Development of artificial aggregates by using sodium silicate activated copper tailings and slag

Abstract

This study investigated the development of artificial aggregates using copper tailings activated by sodium silicate via granulation. Five different mixes were prepared by incorporating varying amounts of ground granulated blast furnace slag (GGBS) and sodium silicate. The granulation process was performed in a rotating disk granulator, with water sprayed onto the dry mixture to facilitate binding. The resulting aggregates, ranging from 5 to 25 mm in diameter, were cured in a humid environment for 3, 7, and 28 d. The aggregates were then tested for size distribution, oven-dried density, water absorption, crushing strength, and individual-granule strength. Microstructural analysis was conducted using scanning electron microscopy (SEM) and X-ray computed tomography (XCT).
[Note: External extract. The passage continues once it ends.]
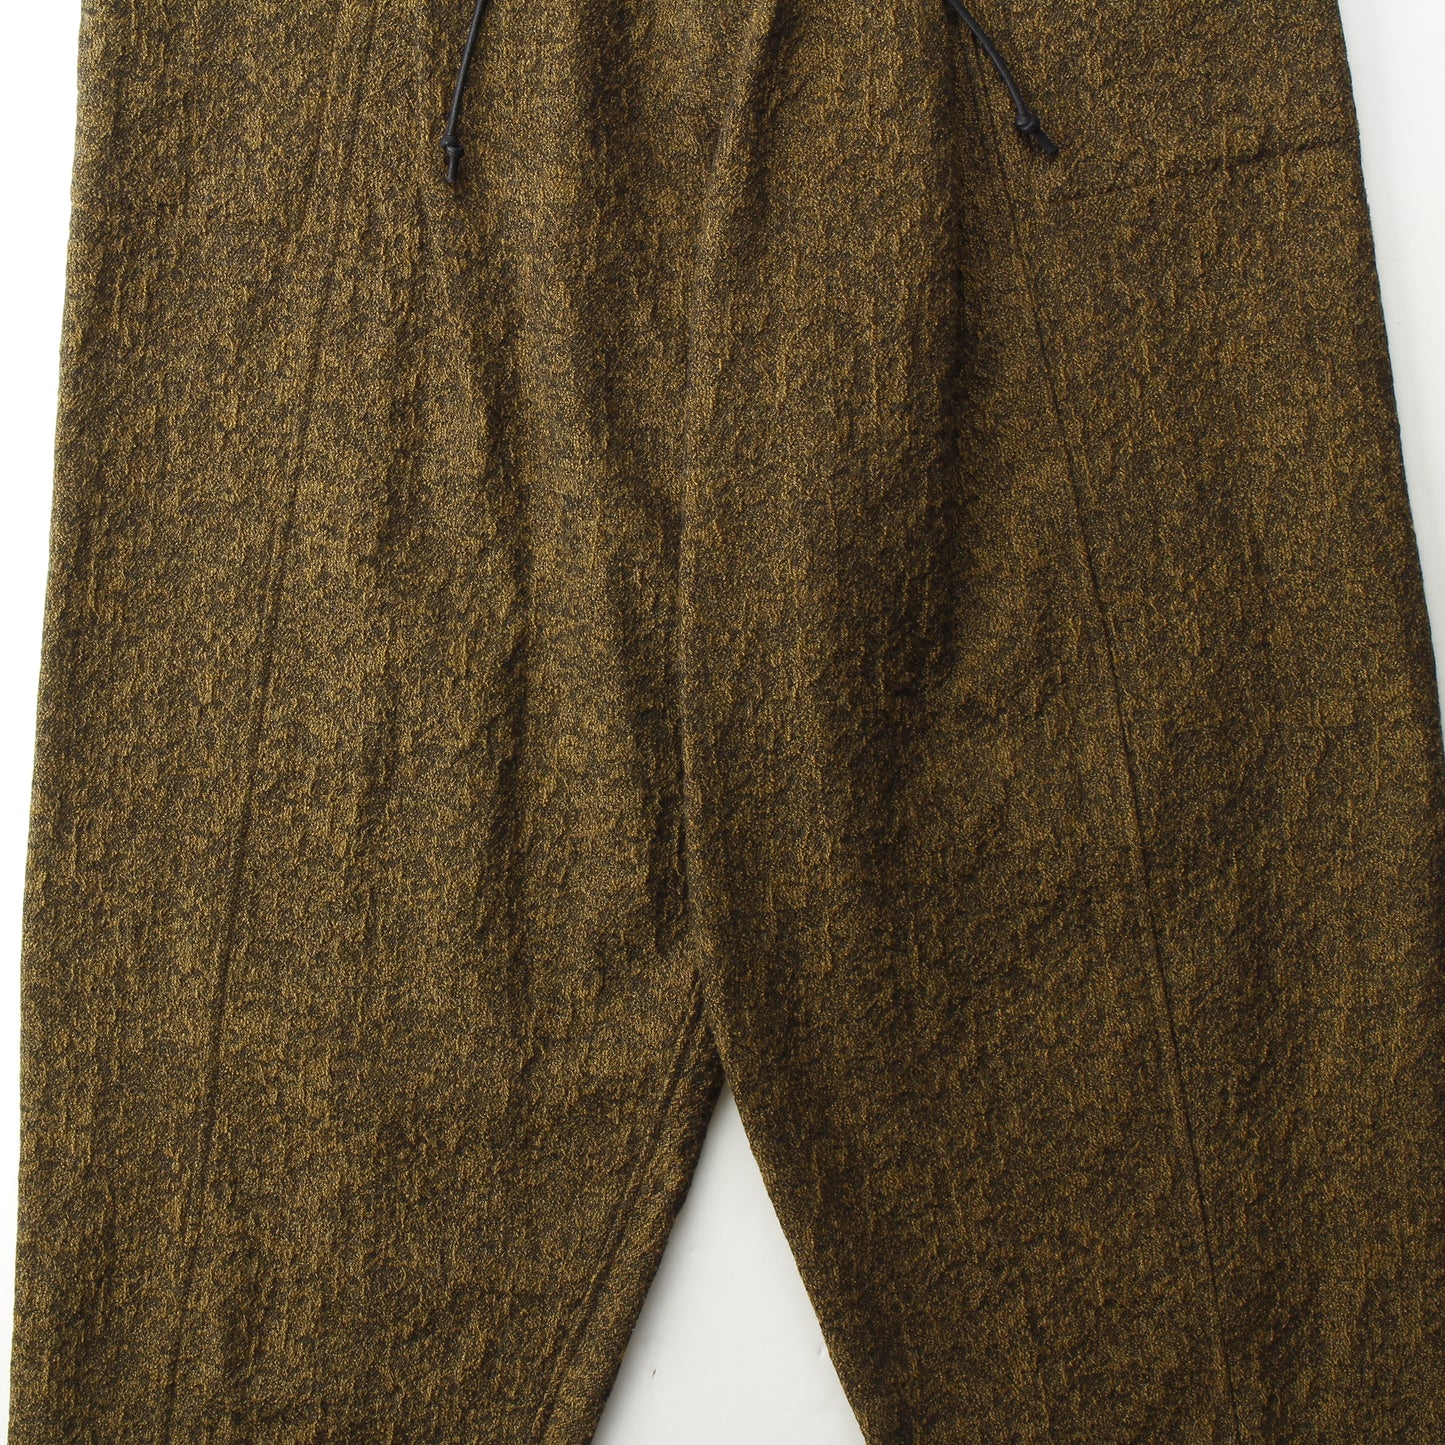 Moss Jacquard CottonWool Switching Wide Pants / MUSTARD
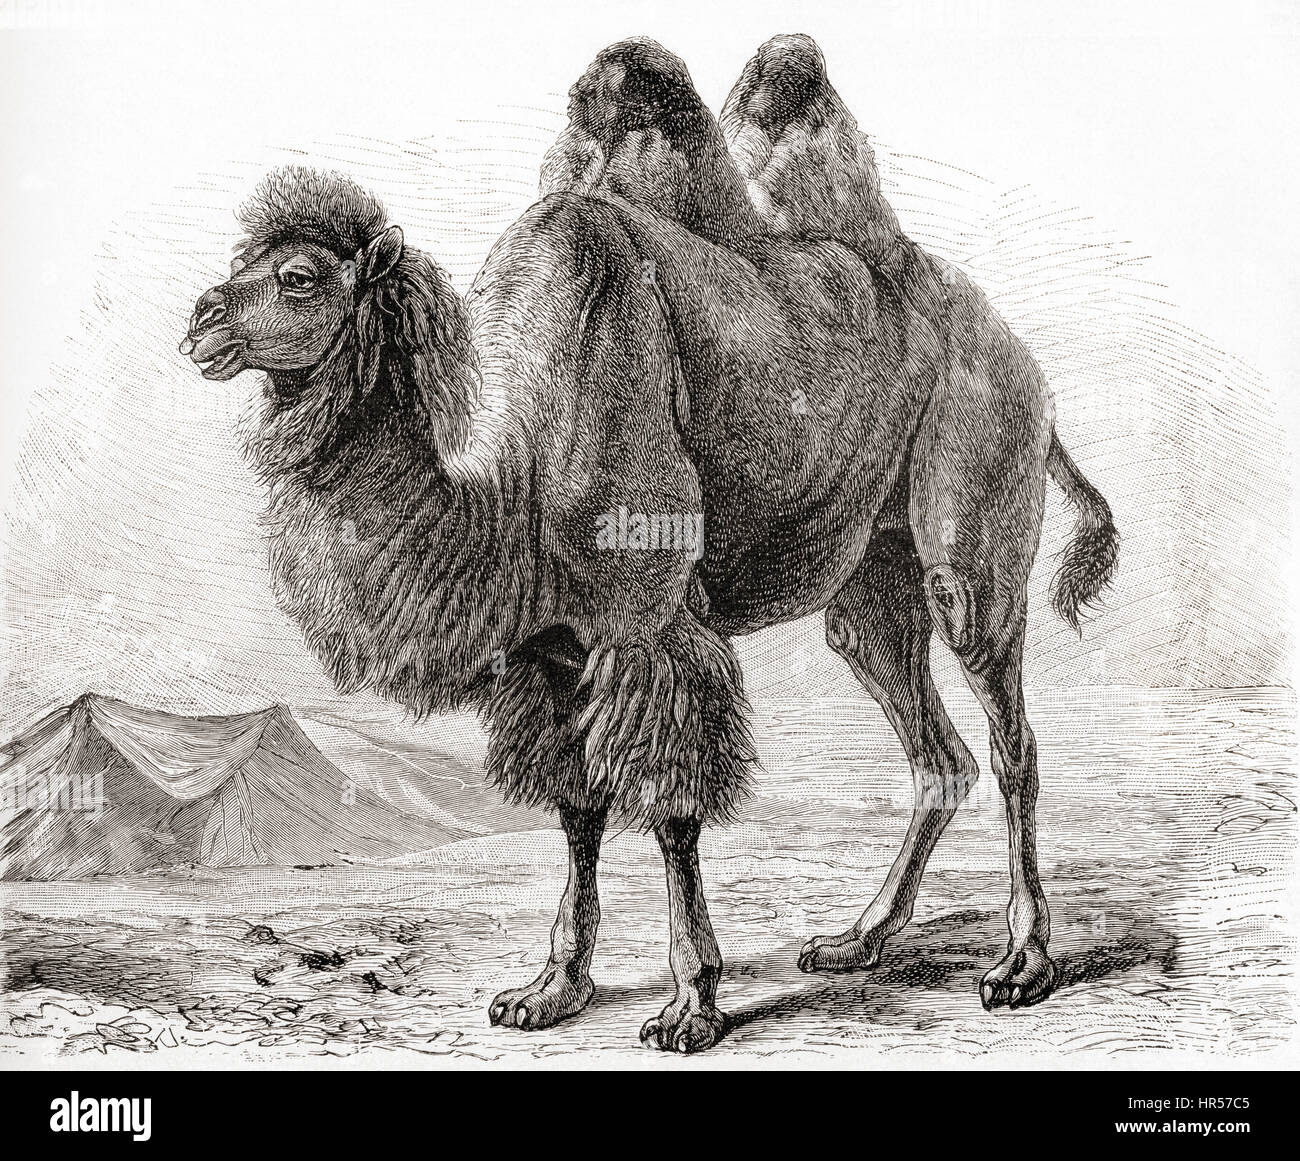 Un cammello Bactrian (Camelus bactrianus) un grande anche-toed ungulato nativa per le steppe dell'Asia centrale. Da Meyers lessico, pubblicato nel 1927. Foto Stock

The results showed that the addition of GGBS significantly improved the properties of the artificial aggregates, resulting in a higher density, lower water absorption, and increased strength.XCT images revealed a more refined pore structure with smaller and more evenly distributed pores in the GGBS-containing samples. The crushing strength and individual granule strength followed a Weibull distribution, with the GGBS samples exhibiting higher strength values. SEM analysis confirmed the formation of N-A-S-H gel in the GGBS samples, which acted as a binding phase and improved the microstructure. These findings demonstrate the potential of using copper tailings and GGBS to produce sustainable artificial aggregates with enhanced properties for construction applications.